If you attended this years Academy of Applique, held at Kingsmill Resort in Williamsburg, Virginia (February 27-March 4, 2017), I think you will agree with me when I say that an absolutely amazing time was had by all!  I was fortunate enough to have a great bunch of eager students in both of my classes, so, of course, the days flew by.  A few of the students almost finished their project by the time the class was over!  If you dream of stitching all day long (who doesn’t?), being fed the most satisfying breakfasts and lunches, and getting to know some fellow hand-appliquers, then please consider attending next year’s Academy.  Seriously, it is the place to be!  Class schedule is available August 5, 2017 and Registration begins on September 4, 2017.  It is never to early to start planning 🙂

You are now able to purchase the patterns and/or kits for both of the projects I taught at The Academy.  You can check them out on my website Simple Bird Studio. These 18″ x 36″ wallhangings are the first two in a 12 part series that celebrates my love of lovely flowers and fancy vases.  The remaining 10 patterns will be released every couple of months on my website.

A Taste Of Lilies….

Crazy For Callas…..

Also, some of you have been asking if Bed of Roses will be available again as a BOM.  The answer is yes.  Yes!  You have from now until June 15, 2017 to sign up for this BOM on my website.  Block 1 will ship out on July 1, 2017.  The fabrics will be the very same ones that I used in my quilt below.  I still cannot get over the machine quilting that Rose Bell from Fancy Feathers did.  Check it out!

And here is the entire quilt before it was quilted.  Yummy!

Also….I am temporarily taking down the patterns for “To Everything There Is A Season”.  I would like to tweak the patterns a little before I add them back to the website.  I promise, it won’t take long 🙂  I will let you know as soon as they are available for purchase.

And last, but not least, I am almost finished Block 7 of the current BOM (I must confess I am running a little behind schedule).
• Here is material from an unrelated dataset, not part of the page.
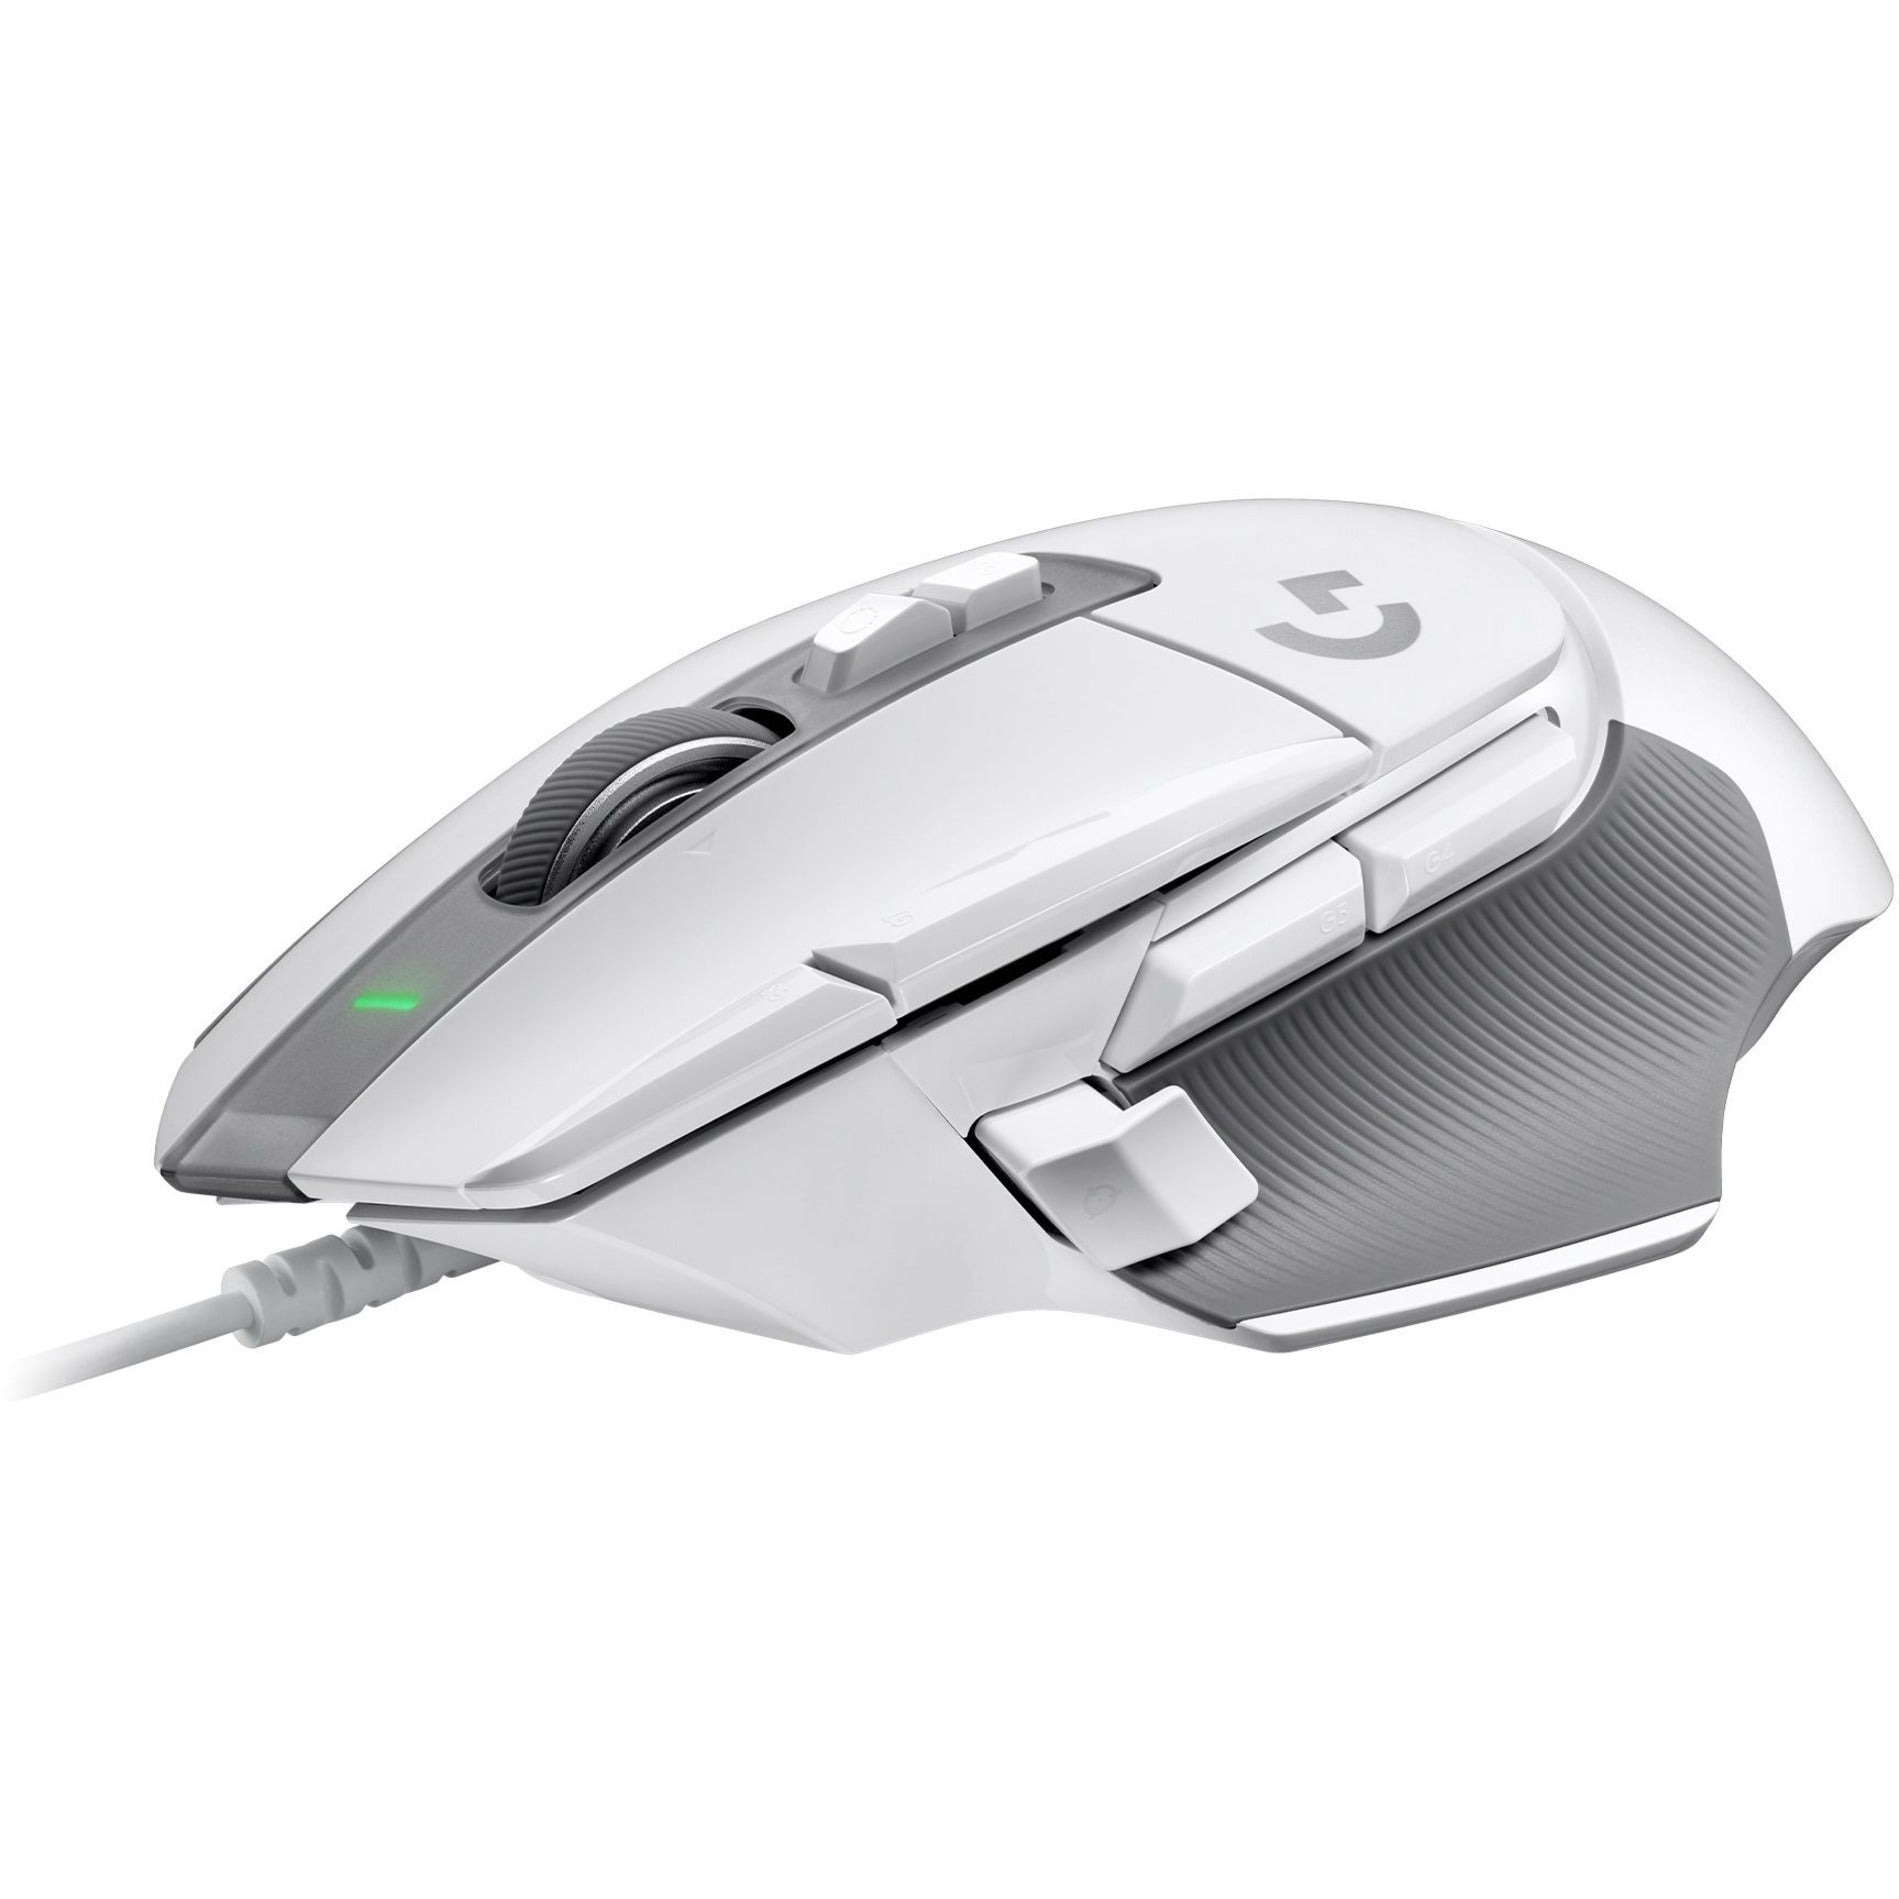 Logitech G 910-006144 G502 X Gaming Mouse, High Precision Optical Sensor, 25600 DPI, USB Wired, White
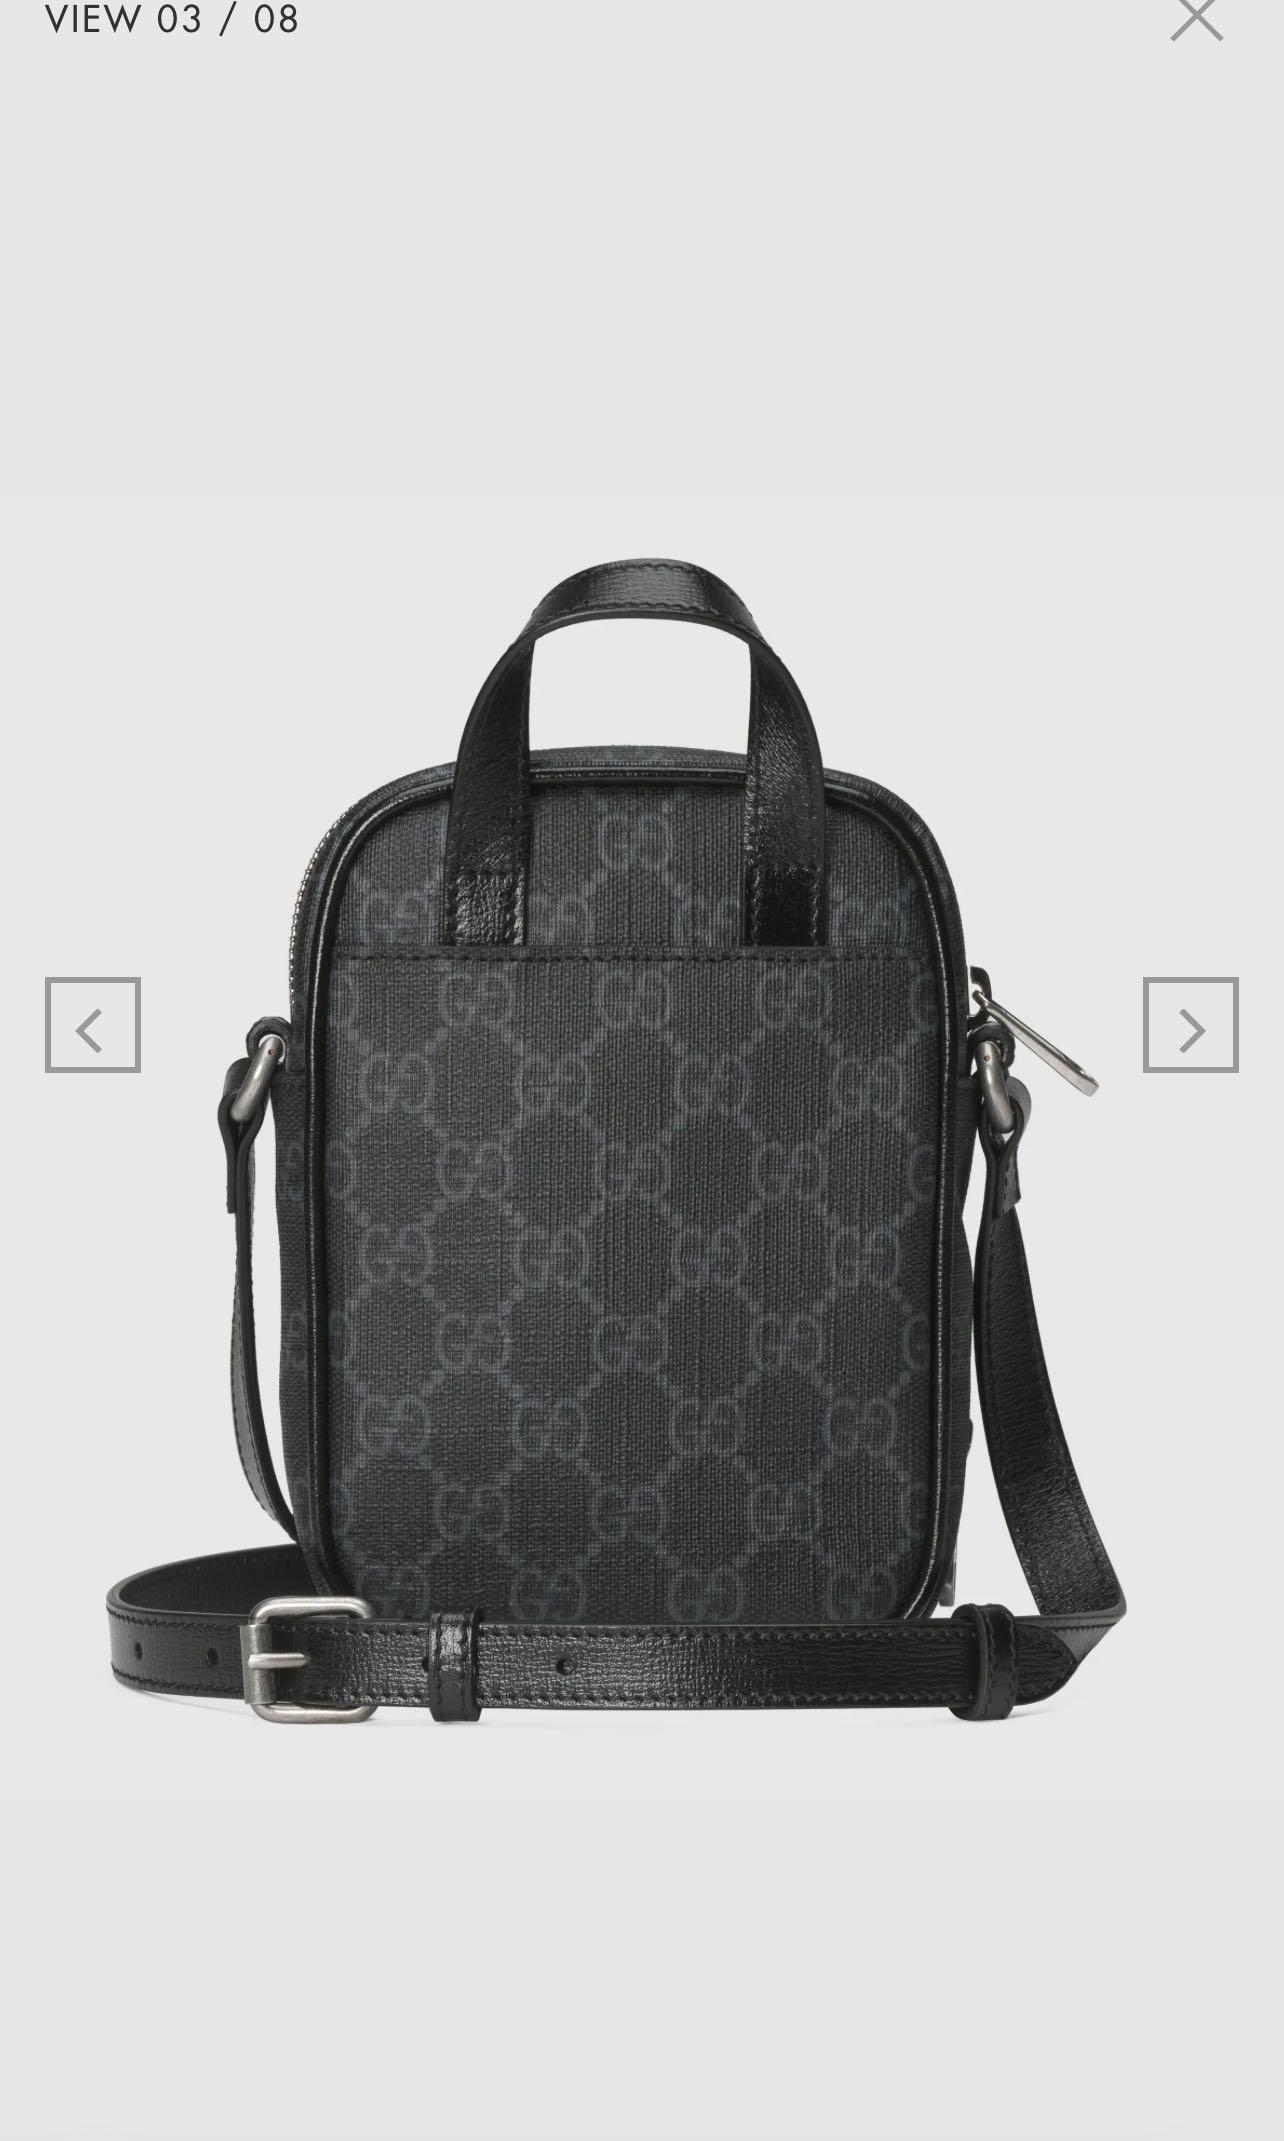 Authentic Gucci Men Bags:, Gucci Briefcases

We are stitching 9 blocks from Sue Garman’s “Friends of Baltimore” and putting those blocks together using the setting for Baltimore Squared.  I cannot wait to see this quilt finished!

I will post a picture of the finished block in a day or two (probably two!), but for now, I will leave you with this photo:)

Til next time…..

Kerry

Block 3 – Part 2 and Borders for Bed of Roses

Well…I can be quite the procrastinator.  I have been wanting to put the borders on “Bed of Roses”, designed by Sue Garman and the quilt I chose for my last BOM.  I think I really just hated finishing this quilt because I have enjoyed every moment, every stitch.  I am sorry to see it go:)  But time does march on!

So, first I stitched the inner border.  Be careful with those little pink cornerstones.  They can be tricky.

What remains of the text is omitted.